Here, we think of covariate-shift as a difference in $p(\mb{X})$ i.e. the distribution of feature-vectors, between the source $\mc{D}_S$ and target $\mc{D}_T$ distributions, with the conditional label distribution $p(Y\mid\mb{X})$ being the same on $\mc{D}_S$ and $\mc{D}_T$. We call this \emph{covariate-shifted hybrid LLP} in which the goal is to leverage the full supervision on the source as well as the bag-level supervision on the target to train better instance-label predictors on the target distribution. 

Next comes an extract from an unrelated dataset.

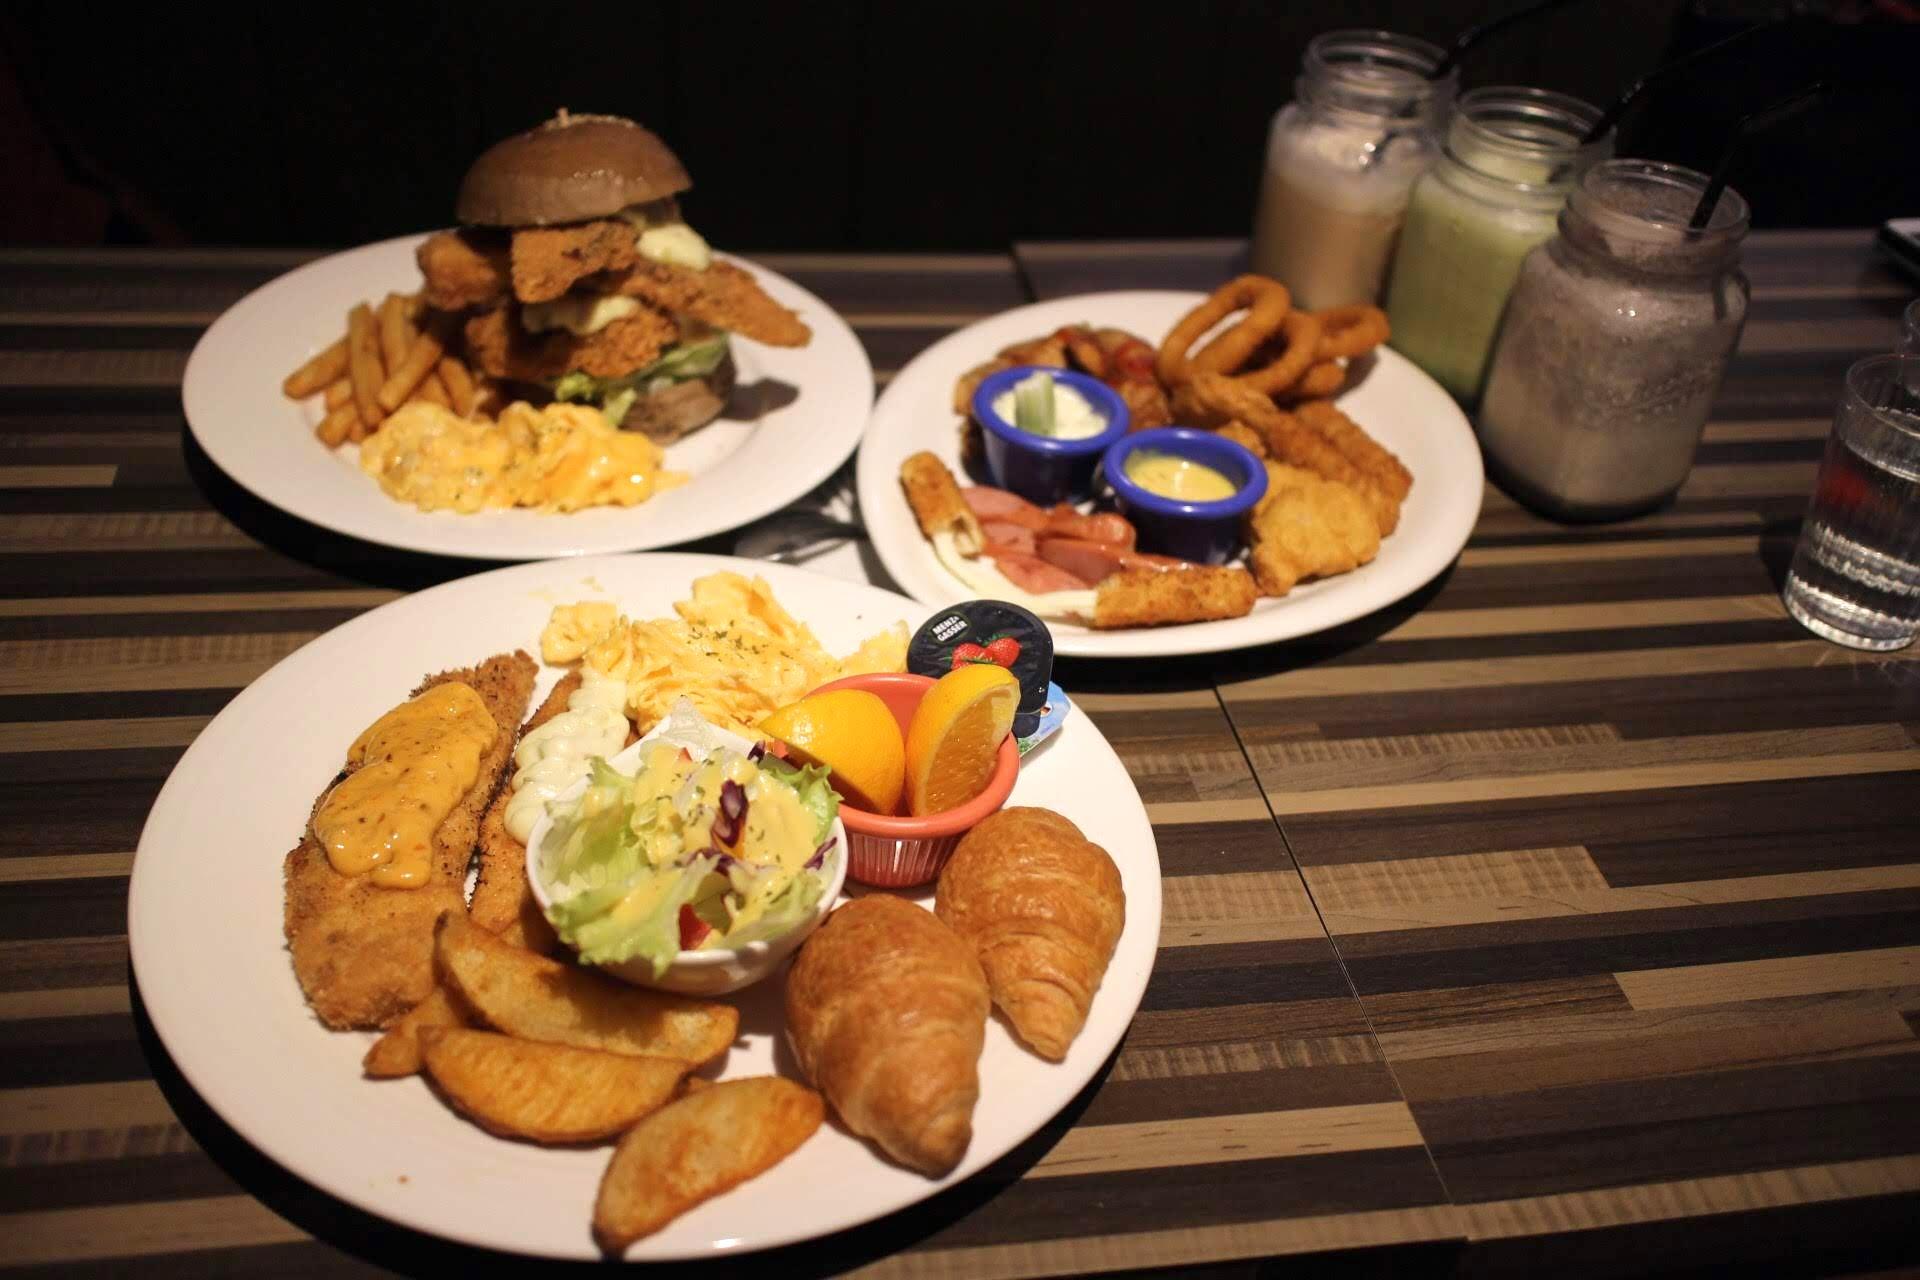 西門町早午餐【Stan & Cat史丹貓美式餐廳】西門店,好吃漢堡、高CP值派對-愛評體驗券 @秤瓶樂遊遊

 Previous works \citep{Domain-Adaption-AC,Li-Culotta} studied the case where the source training data was aggregated into bags whose bag-labels are available, while the training data from the target distribution is completely unsupervised. The work of \cite{Domain-Adaption-AC} gave a \emph{self-training} based approach where the model trained on the source data is used to predict bag-labels on the unsupervised target train-set from which a subset of the most confidently labeled bags are used (along with the source data) to retrain the predictor. The more recent work of \cite{Li-Culotta} proposed solutions directly applying domain adversarial neural-network (DANN) methods in which apart from minimizing the bag-level loss on the source data, an unsupervised domain prediction loss is \emph{maximized} to ensure that the predictor is domain-independent. %

The works of  \cite{Domain-Adaption-AC}, and \cite{Li-Culotta} as well as standard domain adaptation methods (e.g. \cite{long2015learning}) can be applied to our setting by simply ignoring the bag-labels of the target train-set, and treating the labeled instances in the source data as bags of size $1$.  Note however that these approaches discard the informative signal from the target bag-labels and are thus likely to degrade the predictive performance. 


The main contributions of this paper are a suite of techniques which use the bag-labels from the target training set, not only to minimize the bag-loss i.e., the predictive loss on bags, but also to do better domain adaptation. We focus on regression as the underlying task and propose loss functions which, at a high level, have three components: (i) the instance-level loss on the source data, (ii) a bag-level loss on the target training bags, and (iii) a domain adaptation loss which leverages the instance-labels from source and bag-labels from target. Our main methodological novelty is the third term which leverages bag-labels (unlike previous works) from the target domain for domain adaptation, along with instance-labels from the source domain. 
Specifically, our BL-WFA method using the ${\sf BagCSI}$  loss (eqn. \eqref{eqn:BagCSI}) is the first to incorporate the instance-labels from the source along with the target bag-labels into the domain adaptation loss. The design of our ${\sf BagCSI}$ loss is theoretically justified: we prove generalization error bounds (Section \ref{sec:our_contrib}), %
and we also generalize this to PL-WFA which can use target-level pseudo-labels instead (see Section \ref{proposed} for details of BL-WFA and PL-WFA).
Complementing these analytical insights, we provide in Section \ref{sec:experiments} extensive experimental evaluations of our methods showing performance gains, on real as well as synthetic datasets.